You asked: **"Where is Graph of Thoughts?"**

GoT is more complex. It's a network. Information can split, process specific parts, and then **AGGREGATE** back together.

### The Workflow (Writer's Room)
1.  **Split:** Generate 3 independent story plots (Sci-Fi, Fantasy, Mystery).
2.  **Aggregate:** The model reads all 3 and creates a "Master Plot" that combines the best elements of each.
3.  **Refine:** Polish the Master Plot.

```mermaid
graph LR
   Start(Concept) --> A[Draft 1]
   Start --> B[Draft 2]
   Start --> C[Draft 3]
   A & B & C --> Mixer[Aggregator]
   Mixer --> Final[Final Story]
```

In [22]:
# 1. The Generator (Divergence)
prompt_draft = ChatPromptTemplate.from_template(
    "Describe a SaaS product feature for: {topic}. Focus on {aspect}. One sentence only."
)

drafts = RunnableParallel(
    draft_ux=prompt_draft.partial(aspect="User Experience") | llm | StrOutputParser(),
    draft_tech=prompt_draft.partial(aspect="Technical Innovation") | llm | StrOutputParser(),
    draft_business=prompt_draft.partial(aspect="Business Value") | llm | StrOutputParser(),
)

# 2. The Aggregator (Convergence)
prompt_combine = ChatPromptTemplate.from_template(
    """
    I have three perspectives on a SaaS feature for '{topic}':
    1. UX Perspective: {draft_ux}
    2. Technical Perspective: {draft_tech}
    3. Business Perspective: {draft_business}

    Your task: Write a compelling product feature description that combines the best aspects of all three perspectives.
    Make it sound exciting and customer-focused.
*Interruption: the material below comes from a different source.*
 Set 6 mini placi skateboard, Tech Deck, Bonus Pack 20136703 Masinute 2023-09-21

Write 2-3 sentences.
    """
)

# 3. The Chain
got_chain = (
    RunnableParallel(topic=RunnableLambda(lambda x: x), drafts=drafts)
    | (lambda x: {**x["drafts"], "topic": x["topic"]})
    | prompt_combine
    | llm
    | StrOutputParser()
)

try:
    print("--- Graph of Thoughts (GoT) Result ---")
    print(got_chain.invoke("AI-powered code review"))
except Exception as e:
    if "RESOURCE_EXHAUSTED" in str(e) or "429" in str(e):
        print("⚠️ Quota limit reached! GoT uses multiple API calls simultaneously.")
    else:
        print(f"Error: {e}")

--- Graph of Thoughts (GoT) Result ---
Revolutionize your development with AI-powered code review, delivering clear, actionable insights that seamlessly integrate into your workflow. Our generative AI performs deep context-aware semantic analysis to proactively identify architectural debt, predict performance bottlenecks, and autonomously suggest multi-file refactorings, empowering your team to effortlessly ensure higher quality, secure, and performant code while drastically reducing costs and accelerating time-to-market.
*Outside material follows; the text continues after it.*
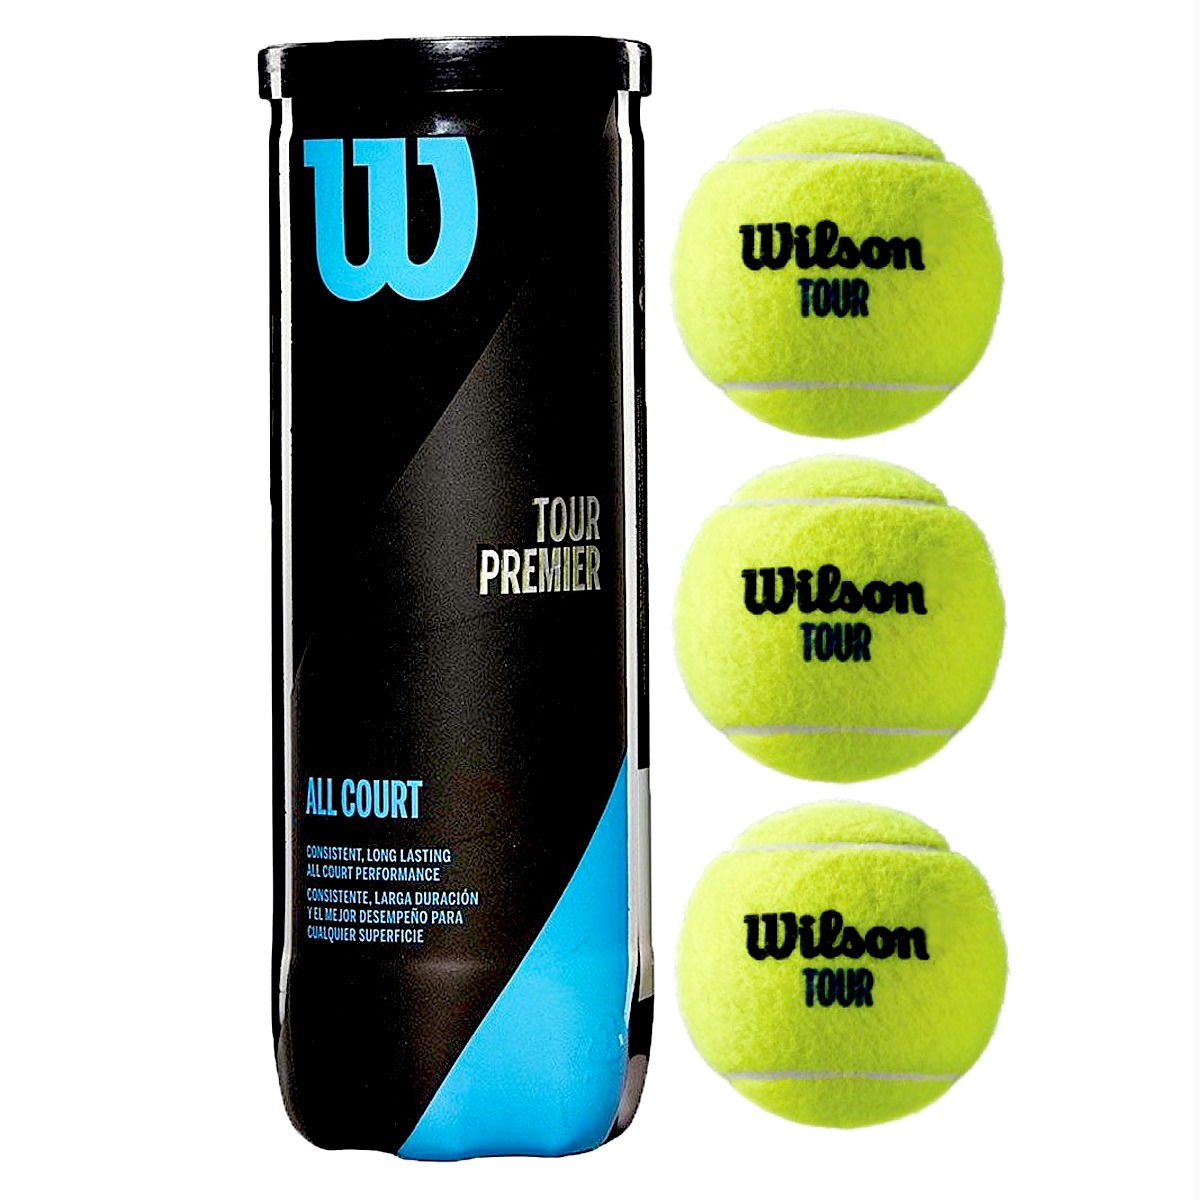 wilson tour premier. All court Tennis balls

## 4. Summary & Comparison Table

| Method | Structure | Best For... | Cost/Latency |
|--------|-----------|-------------|--------------|
| **Simple Prompt** | Input -> Output | Simple facts, summaries | ⭐ Low |
| **CoT (Chain)** | Input -> Steps -> Output | Math, Logic, Debugging | ⭐⭐ Med |
| **ToT (Tree)** | Input -> 3x Branches -> Select -> Output | Strategic decisions, Brainstorming | ⭐⭐⭐ High |
| **GoT (Graph)** | Input -> Branch -> Mix/Aggregate -> Output | Creative Writing, Research Synthesis | ⭐⭐⭐⭐ V. High |

**Recommendation:** Start with CoT. Only use ToT/GoT if CoT fails.